What is it about increasing a streak count that is so satisfying? (Illustration Credit: Timothy R. Butler/DALL-E/Stable Diffusion)

Call Me Streaky

By Timothy R. Butler | Posted at 8:41 PM

Last night I was exhausted, but I was manipulating the database code behind one of our sister sites. Not because disaster had struck for others using the site, but to save a game streak I’d been nudging along. I hate losing streaks.

Our sister site FaithTree.com offers a couple of games — Biblicle, a Wordle-like game with words from the English Bible, and Anagramle, an anagram game. I wrote those back during the height of the Wordle craze and have played them dutifully every day since.

A couple of weeks ago, I had a problem connecting to the game and it messed up my continual streak of playing even though I had in fact played. Being the developer has its advantages: I logged into the backend and tried to fix the incorrectly broken streak. Alas, it made things worse, erasing all of my statistics from the 600 rounds that have come and gone since February 2022.

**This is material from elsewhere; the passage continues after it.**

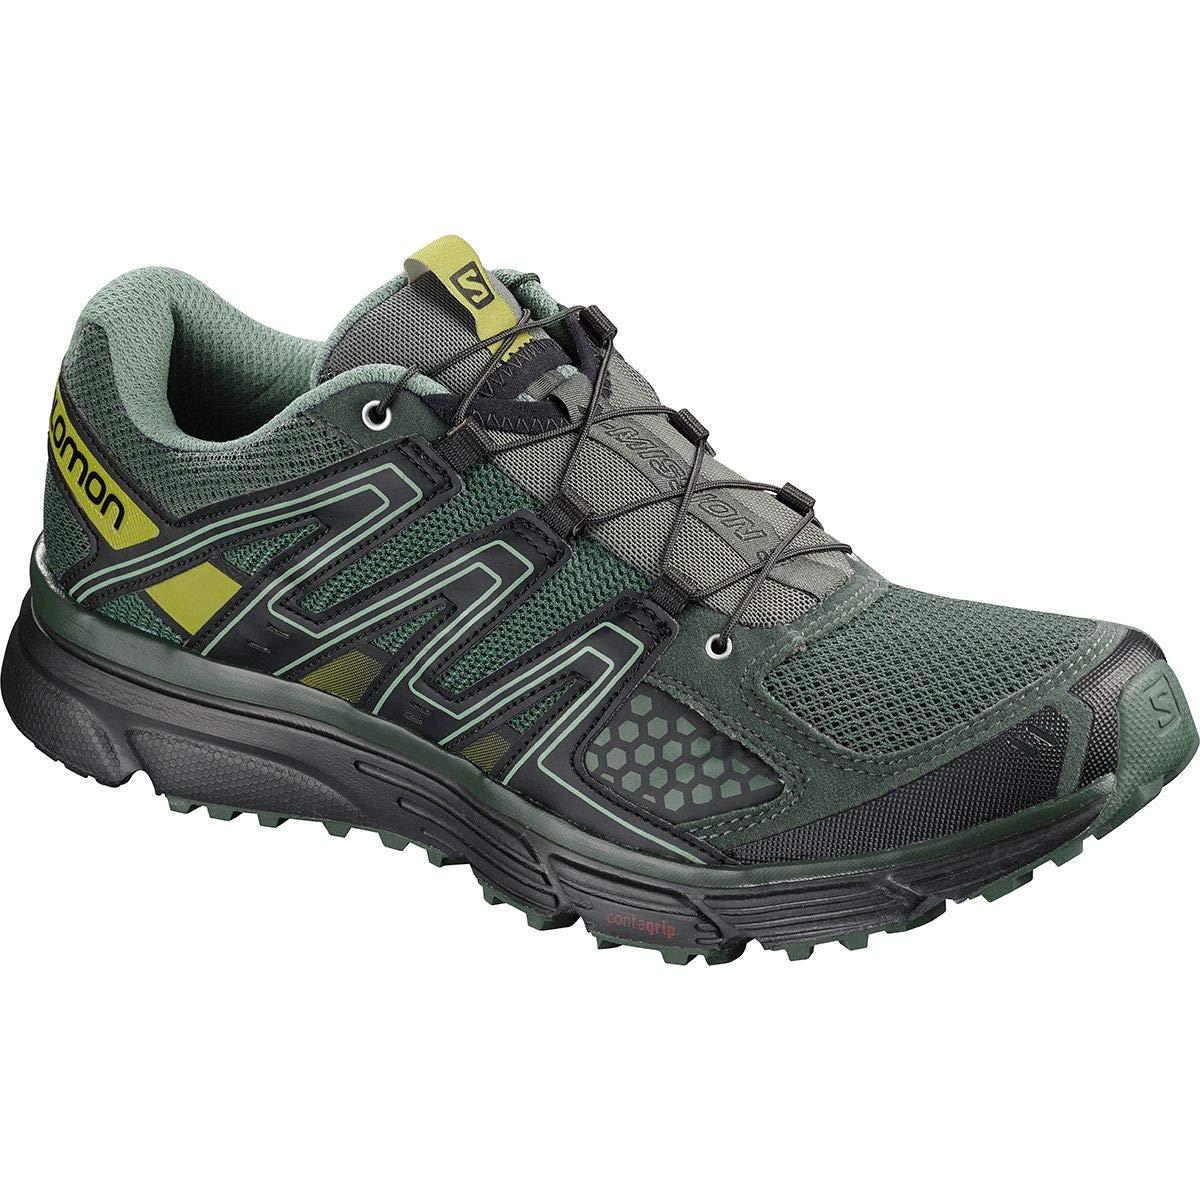 数量は多い  [サロモン] メンズ ランニング X-Mission Running 3 Trail Running X-Mission Shoe [並行輸入品] Shoe B07GQWXZKW US-11.5/UK-11.0, TCEダイレクト:5b5d811c --- a0267596.xsph.ru

With too much to do right now, the sane thing would have been to shrug and let those stats fade away. Instead, I found myself tinkering with the database in the early morning, coaxing my game statistics back into shape. (Accurately, lest you think otherwise — I put in my games lost too.)

As I contemplated my strange drive to preserve that streak, and the related data, I found myself musing on streaks and their significance to me.

For example, I do a bit of study of German every day, even though I do not have a pressing need to use it right now. I have a nearly 2,000-day streak of study at stake. The pressure over halting that accomplishment is enough to push me to work on grammar or vocabulary even when exhausted.

I love keeping a streak going. No matter what kind, it is the principle of the thing.

A few years ago, on my birthday, my parents gave me a “pizza tour” with each day of the week featuring a different pizza from the delectable varieties around St. Louis. As the “tour” wound down, I remember ordering a Mexican pizza at Taco Bell on the first pizza-less day to kick the streak can down the road one more time.

I’m not the only one who loves streaks. There’s a reason that Duolingo not only keeps track of streaks but lets one earn “streak freezes” to preserve a streak on a day off and sells “streak repair” if one runs out of “streak freezes.”

We track streaks all over the place. Call me melancholy for a baseball postseason that was not to be this year for my team, the Cardinals, but I found myself thinking back to two years ago when that same team broke a franchise record for the longest winning streak. To say the city was abuzz over a streak is an understatement.

My little contribution to the Cardinals? Every game I have gone to the stadium for has been a winner. (Yes, Cardinals President of Baseball Operations John Mozeliak, if you want to sign me to a long-term contract with the Cards, the e-mail address at the bottom of this article works fine.)

There’s a comfort in a chaotic world to a streak. Knowing that one is accomplishing something and accomplishing it consistently (or at least one’s team is) feels like a refreshing breath of order. Be it playing a word puzzle game like Wordle or Biblicle, or language learning or whatever, the idea that 10 or 15 minutes of daily life can be formed into a consistent habit — a streak — in contrast to the uncertainty we so often face sure is nice.

Streaks may not be life or death matters, but sometimes a dash of consistency is the comfort that life needs. A comfort even worth a late night database editing expedition.

Timothy R. Butler is Editor-in-Chief of Open for Business. He also serves as a pastor at Little Hills Church and FaithTree Christian Fellowship.